Secure Time-Modulated Intelligent Reflecting Surface via Generative Flow Networks

We propose a novel directional modulation (DM) design for OFDM transmitters aided by a time-modulated intelligent reflecting surface (TM-IRS). The TM-IRS is configured to preserve the integrity of transmitted signals toward multiple legitimate users while scrambling the signal in all other directions. Existing TM-IRS design methods typically target a single user direction and follow predefined rule-based procedures, making them unsuitable for multi-user scenarios. Here, we propose a generative AI-based approach to design good sets of TM-IRS parameters out of a set of all possible quantized ranges of parameters.
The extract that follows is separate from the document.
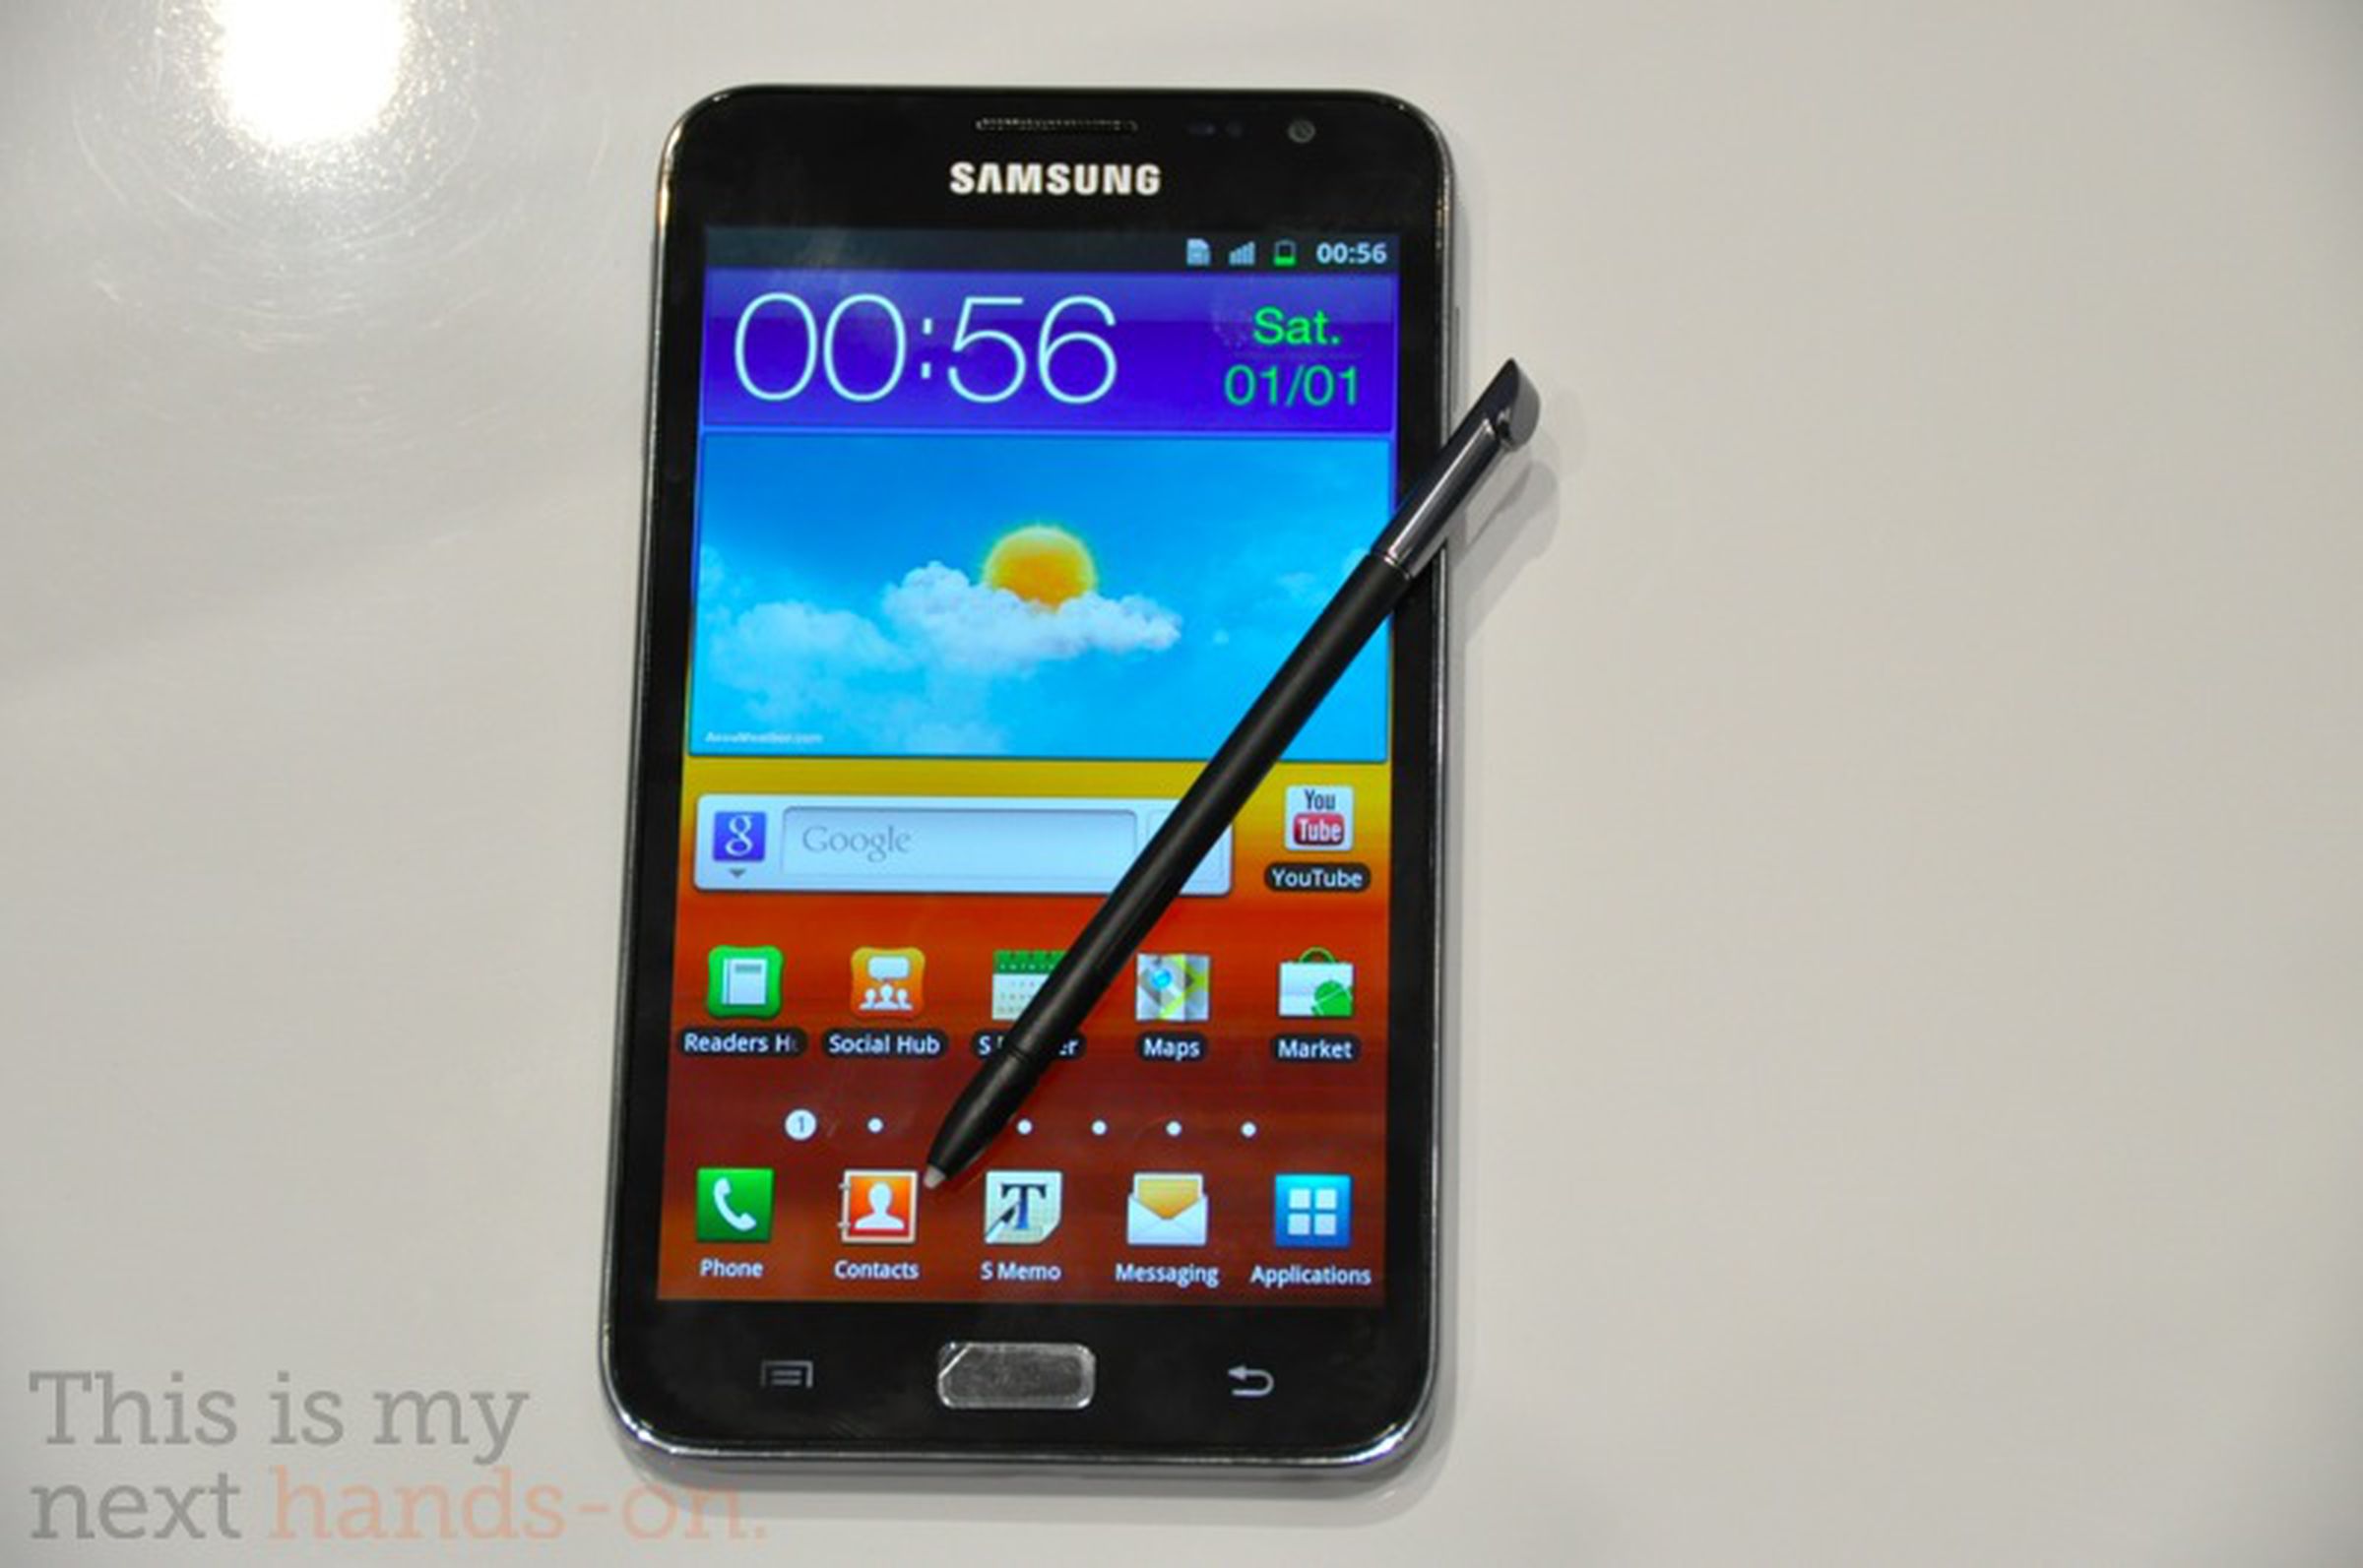 Samsung Galaxy Note hands-on photos

The design objective is to maximize the sum rate across the authorized directions. We model the TM-IRS parameter selection as a deterministic Markov decision process (MDP), where each terminal state corresponds to a specific configuration of TM-IRS parameters. GFlowNets are employed to learn a stochastic policy that samples TM-IRS parameter sets with probability proportional to their associated sum rate reward. Experimental results demonstrate that the proposed method effectively enhances the security of the TM-IRS-aided OFDM systems with multi-users. Also, despite the vast size of the TM-IRS configuration space, the GFlowNet is able to converge after training on fewer than 0.000001% of all possible configurations, demonstrating remarkable efficiency compared to exhaustive combinatorial search. Implementation code is available at https://github.com/ZhihaoTao/GFN4TM-RIS to facilitate reproducibility.